Big 5 said they are undertaking these actions in light of the previously announced restatement of the company's prior financial statements and the ongoing review of those financial statements, as well as the demands of the current regulatory environment.

As part of the company's effort to strengthen its finance and accounting department, the company and Charles P. Kirk have mutually agreed that he will resign his positions as Chief Financial Officer and Treasurer, effective today. Mr. Kirk will remain a Senior Vice President and a member of the company's senior management team. The company believes that Mr. Kirk will continue to add significant value to the company.

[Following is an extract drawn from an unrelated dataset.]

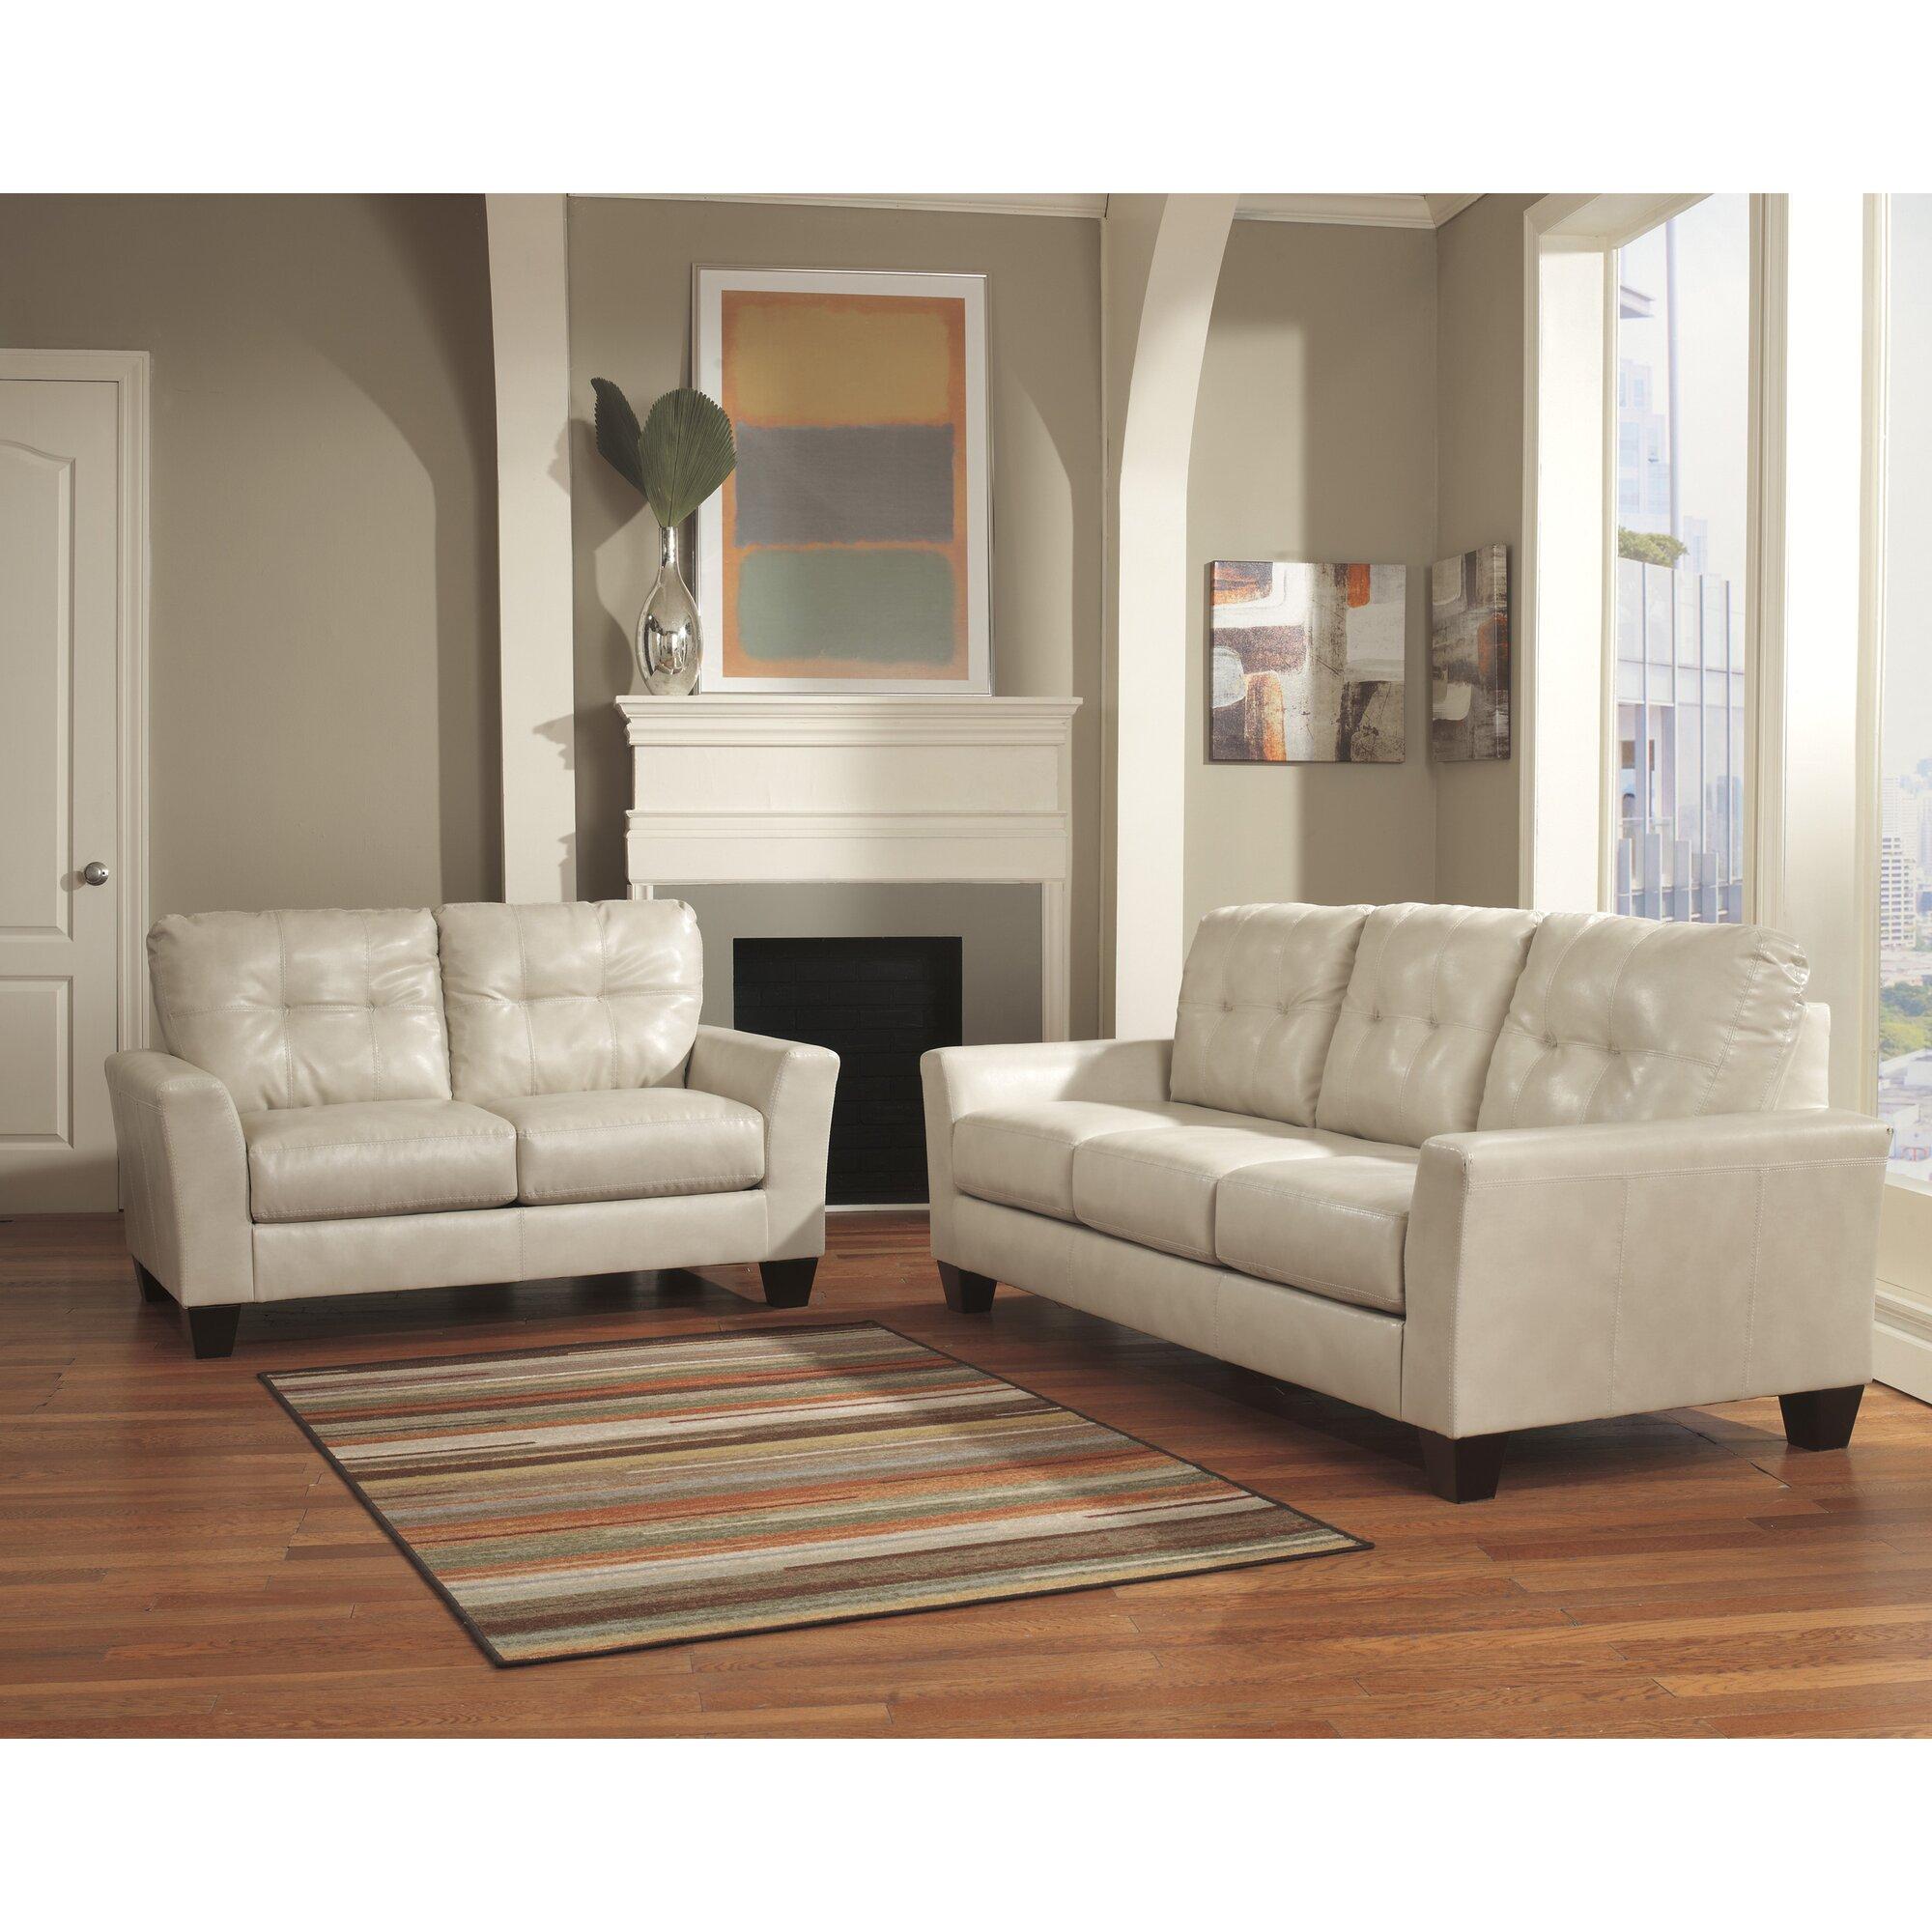 Flash furniture paulie living room set reviews wayfair for Wg r living room sets

The company has retained a search firm and is actively engaged in the process of identifying and assessing appropriate candidates for the CFO position. The company is committed to filling the CFO position expeditiously. Until a new CFO is hired, Elizabeth F. Chambers, the company's Acting Controller, and Thomas L. Robershaw, the company's Assistant Treasurer, jointly will fulfill the functions of the company's principal financial and accounting officer. Ms. Chambers previously served as the company's Assistant Controller since 1993. Mr. Robershaw joined the company in 2002 as Assistant Treasurer.

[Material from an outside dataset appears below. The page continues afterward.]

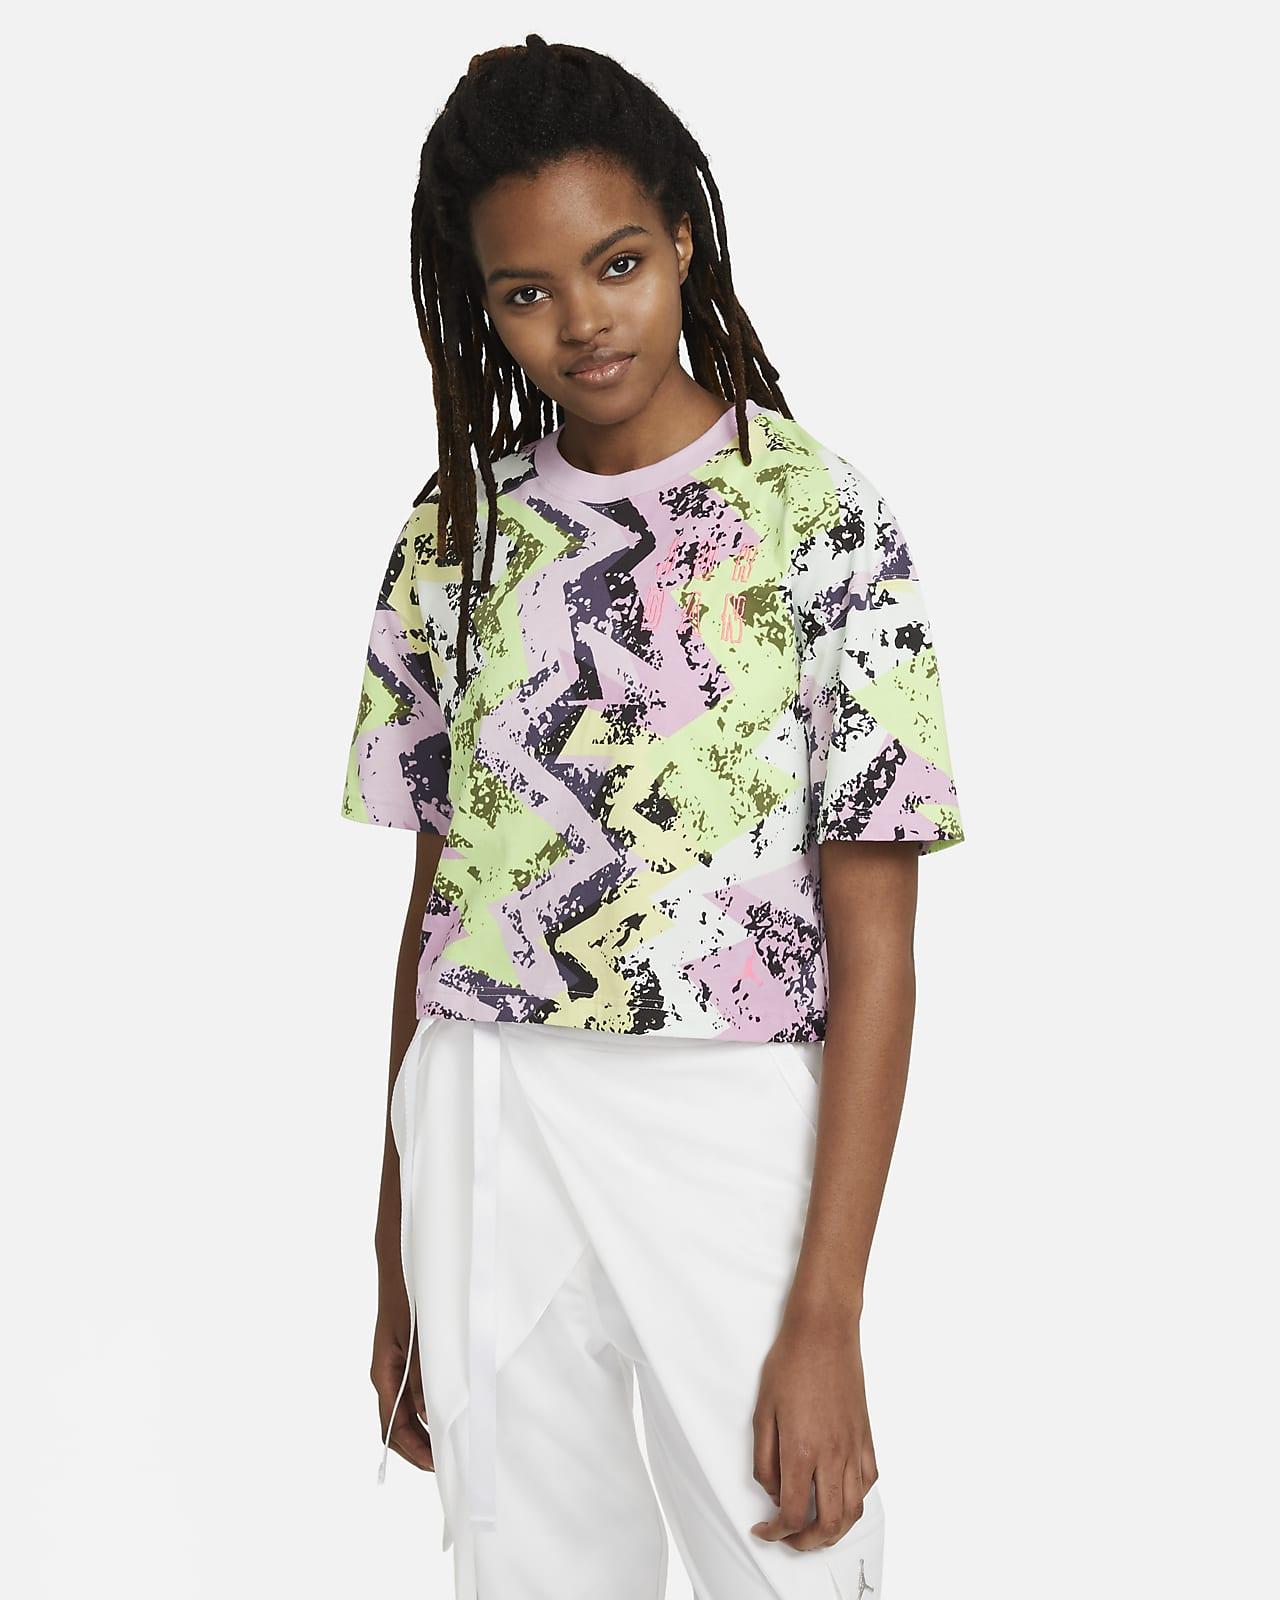 Jordan Heatwave szögletes fazonú női póló

Steven G. Miller, the company's Chairman, President and Chief Executive Officer, said “We want to thank Chuck Kirk for his many years of dedicated service as our CFO. We look forward to continuing to work with Chuck and believe that our company will continue to benefit from his considerable retail expertise and experience. At the same time, we believe that it is in the best interests of the company and its stockholders that we engage a new CFO who is a certified public accountant and who possesses more financial accounting and public reporting expertise. We continue to work diligently to complete the restatement process as quickly as possible.”

The company does not expect that the change in Mr. Kirk's role will cause any additional delay in the completion of its previously announced restatement or the filing of its Annual Report on Form 10-K for fiscal 2004 and Quarterly Reports on Form 10-Q for the first and second quarters of fiscal 2005. Additionally, as the company announced on July 29, 2005, additional corrections to its prior financial statements will be required as part of the restatement. The expected cumulative net impact on the company's net income of all additional corrections that the company is aware of at this time, as well as the adjustments relating to the previously announced lease accounting changes and sales return reserve, for fiscal years 2002 through 2004 remains less than 3% of aggregate net income as preliminarily reported on February 9, 2005 for such fiscal year periods, which reflected the preliminary adjustments to address the previously announced error in an account within accounts payable. As also stated in the July 29, 2005 announcement, these matters will reduce net income for prior periods, which the company anticipates will be reflected in a balance sheet adjustment for fiscal 2002.

The company is continuing to work diligently to complete the review process in connection with the restatement so that its fiscal 2004 financial statements and the associated audit by KPMG LLP may be completed in order to permit the filing of the company's Annual Report for fiscal 2004 and Quarterly Reports for the first two quarters of fiscal 2005. If the company is unable to file the Annual Report for fiscal 2004 and the Quarterly Report for the first quarter of fiscal 2005 by the August 12, 2005 extension date given it by the NASDAQ Listing Qualifications Panel, it will request a further extension, but such an extension may not be granted, in which case its common stock could be delisted from the NASDAQ National Market.